Class MI: Public D1, Public D2 {}; 60. RTTI. Generally we shoot a pointer to a base class pointer, then use the virtual function using the base class interface. But occasionally we need to know the exact type of a base class pointer to the object, so there is RTTI.

Note that RTTI relies on the type information that resides in the virtual function table, so it will be erroneous with RTTI on a class without virtual functions.

61. Two uses of RTTI:

a. Get the name of the type, or the comparison type, the type of judgment.

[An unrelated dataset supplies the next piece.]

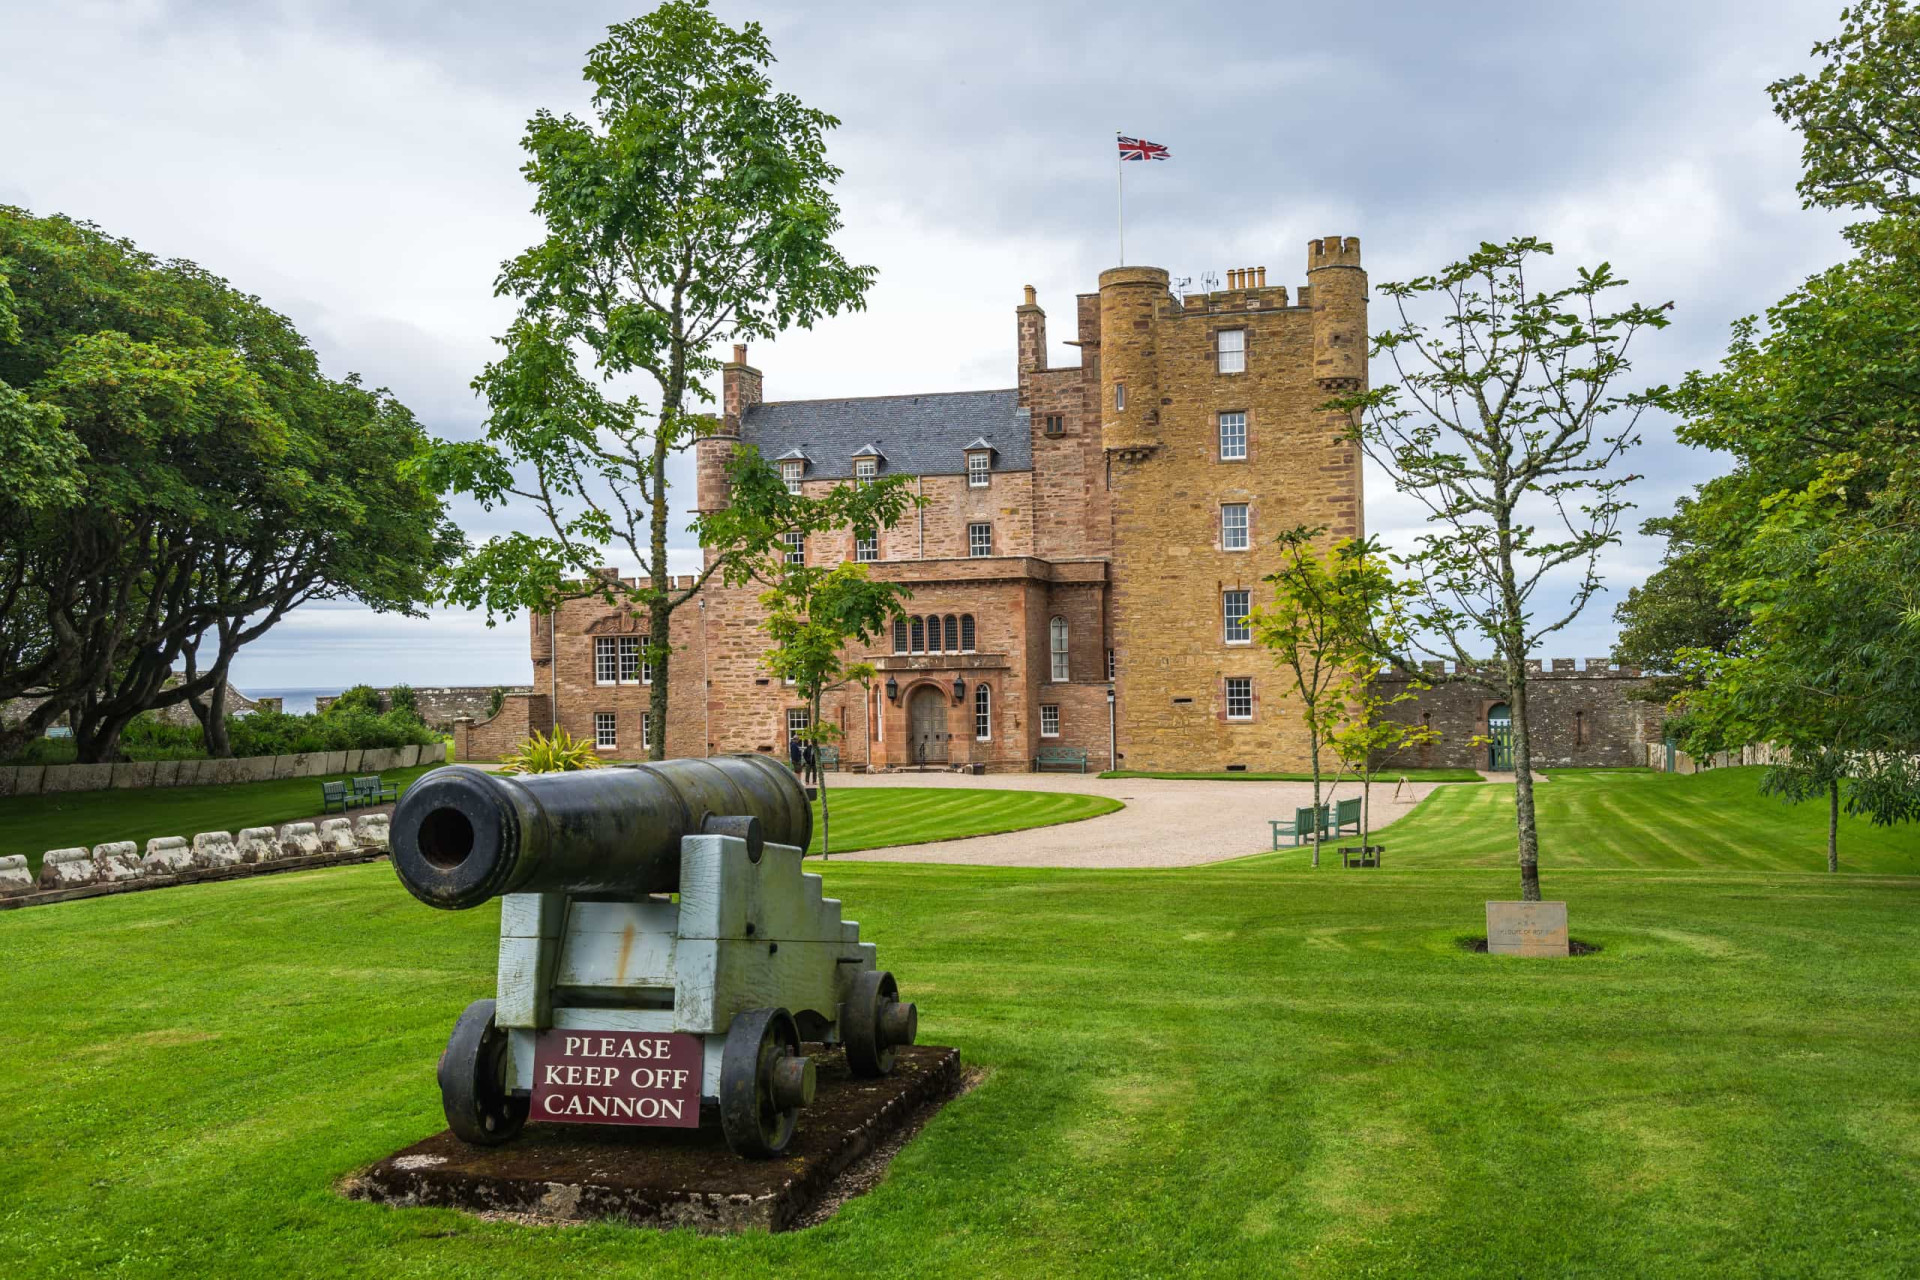 <p>The Castle of Mey, in Caithness, was the preferred holiday home of Queen Elizabeth, the Queen Mother, but who knows whether she caught sight or sound of its ghostly inhabitant?</p><p>You may also like:<a href="https://www.starsinsider.com/n/376581?utm_source=msn.com&utm_medium=display&utm_campaign=referral_description&utm_content=479726v1en-ca"> Gwen Stefani and other celebs accused of cultural appropriation</a></p>

TYPEID, such as S is a shape * ===> typeid (* s) .Name ()

b. Down security map

Shape * sp = new circle;

Circle * CP = Dynamic_cast (sp);

IF (cp) cout << "Cast Successed" << ENDL;

62. Note: The object itself is incoming in TypeID, and for the pointer to go, for reference directly, reference, such as:

Class X;

Class Y: public x;

X * xp = new y;

TYPEID (* XP) == TypeId (Y);

TYPEID (XP) == TypeId (x *);

63. Note that the Void pointer does not have a type, so the RTTI is useless for the Void pointer.

64. RTTI allows us to discover type information with a polymorphic pointer, but use virtual functions as much as possible instead of RTTI.

65. Explain the mechanism of RTTI.

RTTI is implemented by placing an additional pointer in vTable. This pointer points to a TypeInfo structure, TypeId () is actually TypeInfo information through VPTR.

66. The exception of C is not a matter of work with Windows structured abnormal she.